Elysair SAS, trading as L'Avion (French for "The plane"), was an airline headquartered in Paray Vieille Poste, near Wissous, France. It operated a business class-only long-haul service between Orly Airport, Paris and Newark Liberty International Airport in the USA. The airline was sold to British Airways and then merged into OpenSkies, a wholly owned subsidiary of the British flag carrier.

==History==
Founded by young French entrepreneur Frantz Yvelin and run by CEO Marc Rochet and Frantz Yvelin, was wholly owned by Société de Participation Aérienne (SPA). It changed the brand to "L'Avion" in late autumn 2006 after a market research showed the new name tested well in the US and in France. Elysair was kept as call sign. The first flight was on 3 January 2007 from Paris to Newark. The airline had plans to expand to the Middle East.
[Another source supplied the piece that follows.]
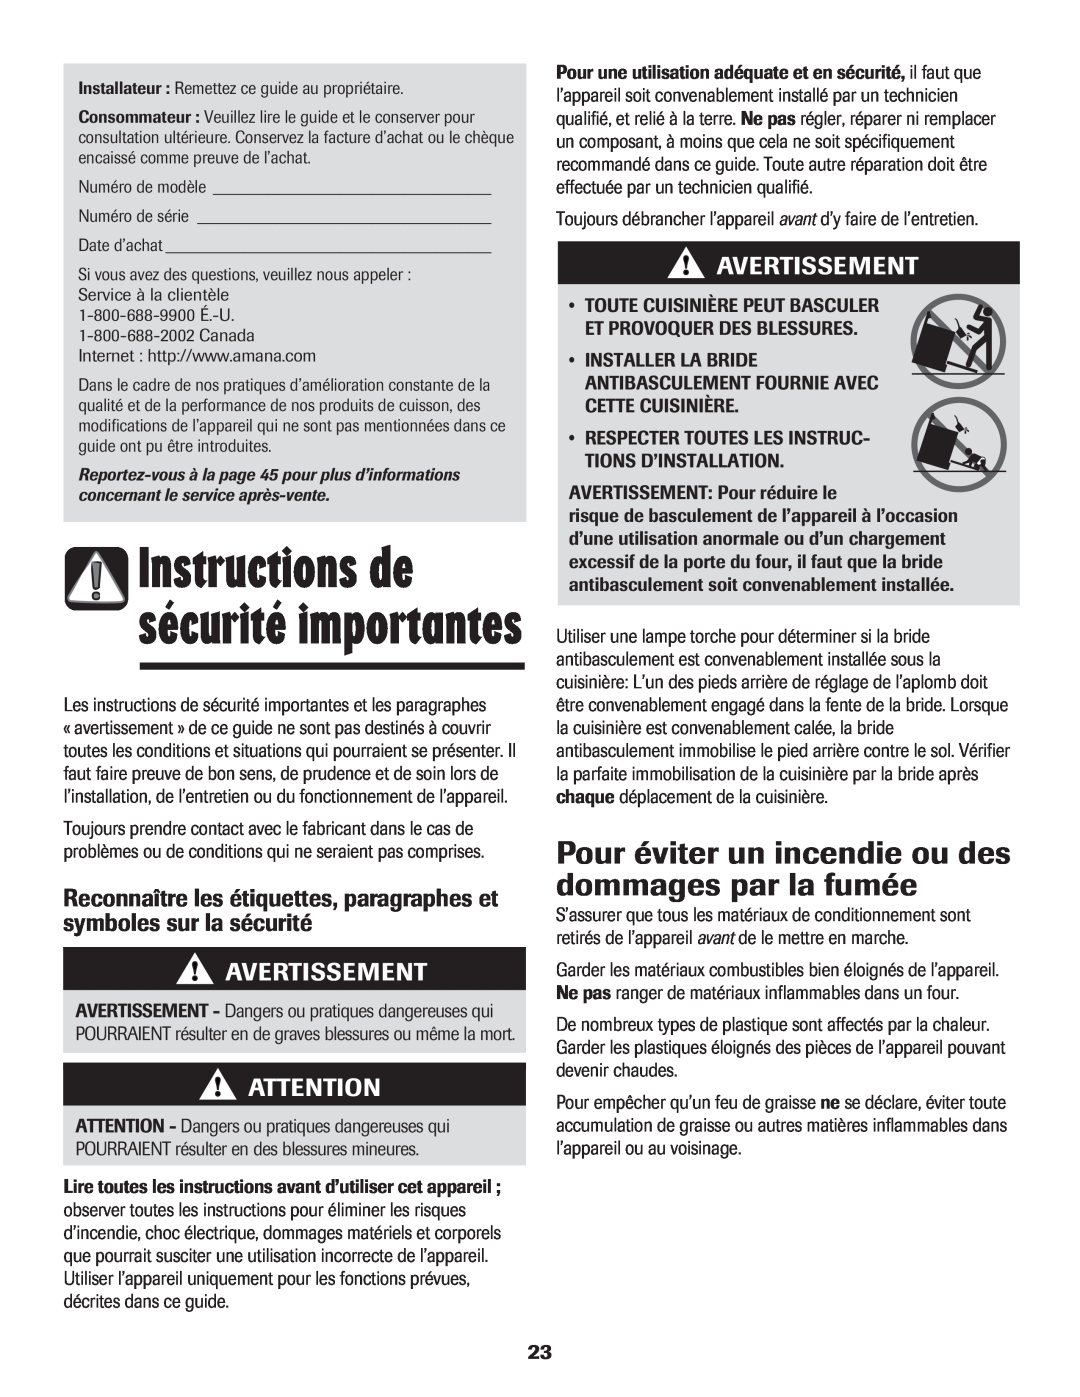 Amana Electric Smoothtop Range important safety instructions Avertissement, Instructions de sécurité importantes 
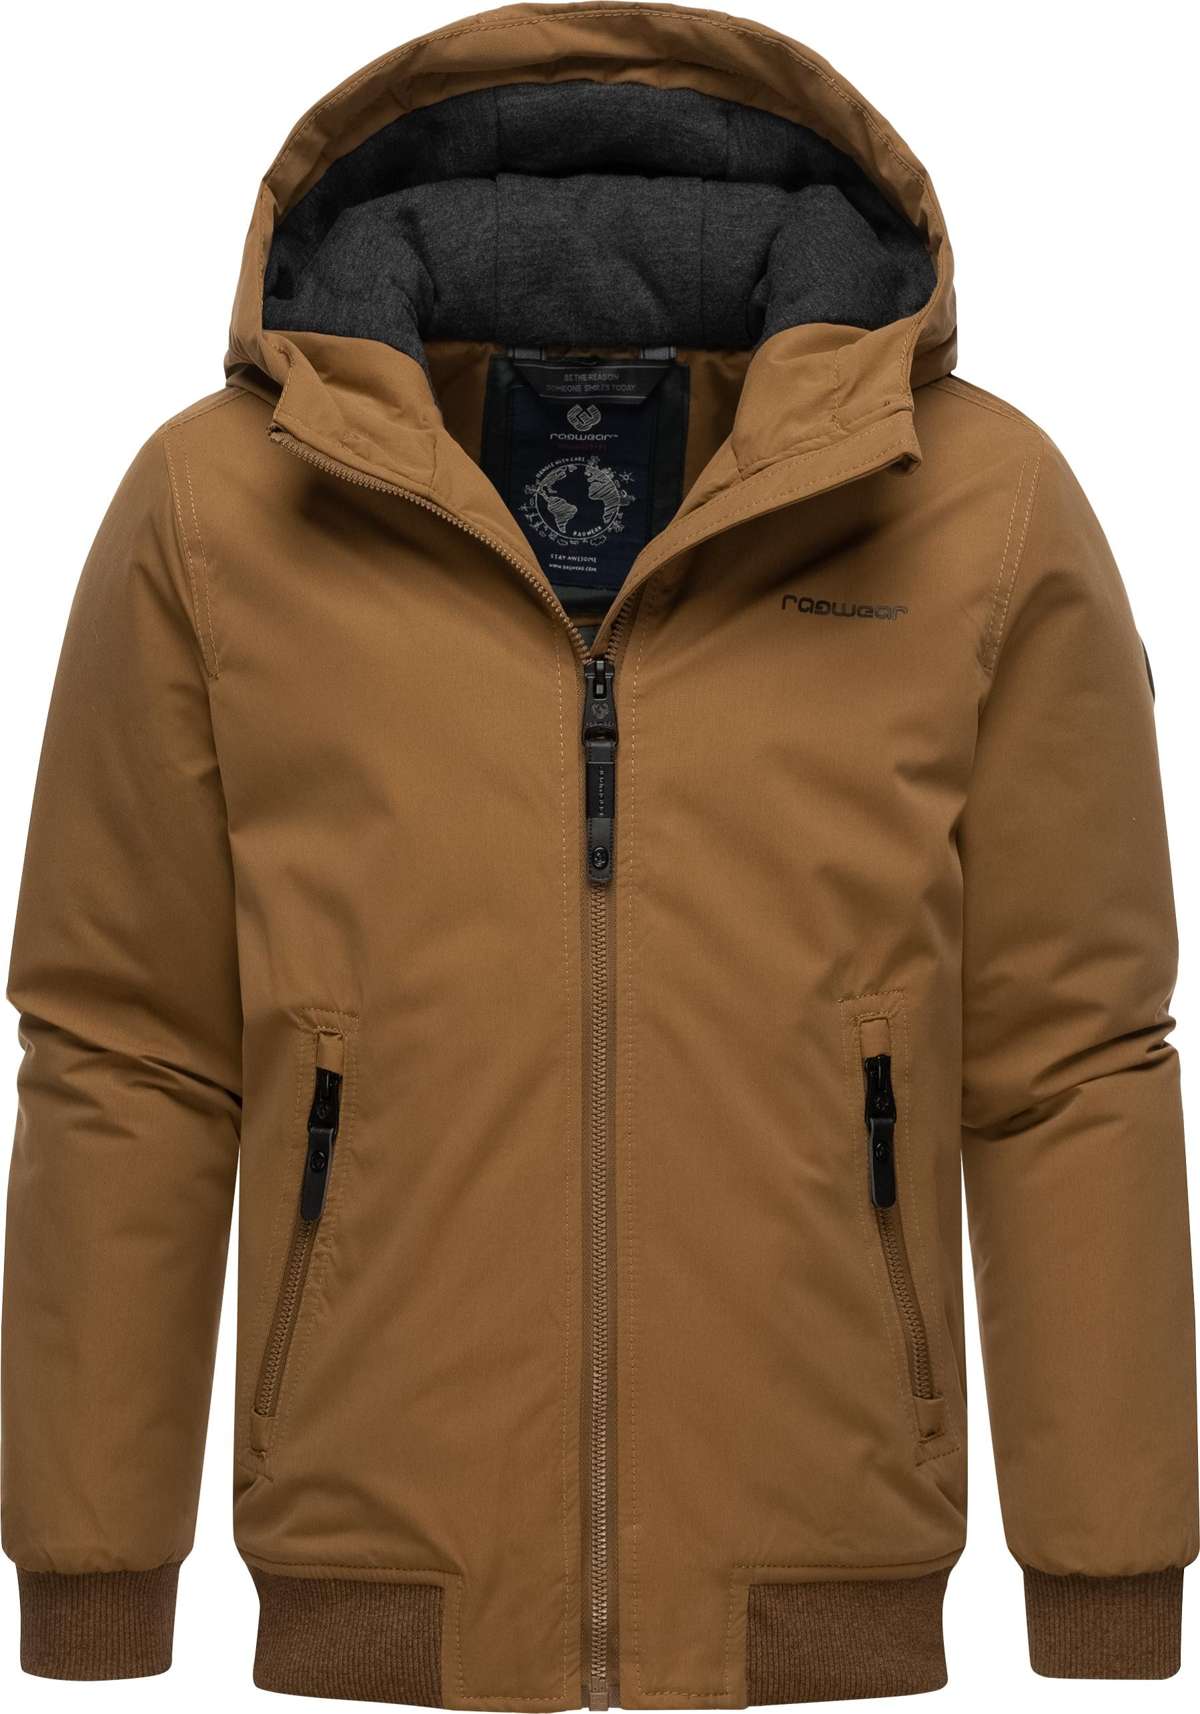 Зимняя куртка с капюшоном, спортивная зимняя уличная куртка с капюшоном

Similar to the concept that was later used by Silverjet, L'Avion offered a premium-only service on transatlantic routes. It operated two Boeing 757-200 aircraft, modified by Gamco in Abu Dhabi with detailed engineering and on-site supervision at Gamco by Northview Aviation, and maintained by Lufthansa Technik. H4 Aerospace had helped to get the certification. The aircraft had an accommodation for a total of only 90 passengers in a 2x2 abreast. The seating and service level was totally business class. It offered laptop plug at every seat, French food and wine, and seats that reclined by 140 degrees. L'Avion featured "On-Demand" digEplayer XT individual units with a 7" screen. By 2008 Elysair had approximately 100 employees.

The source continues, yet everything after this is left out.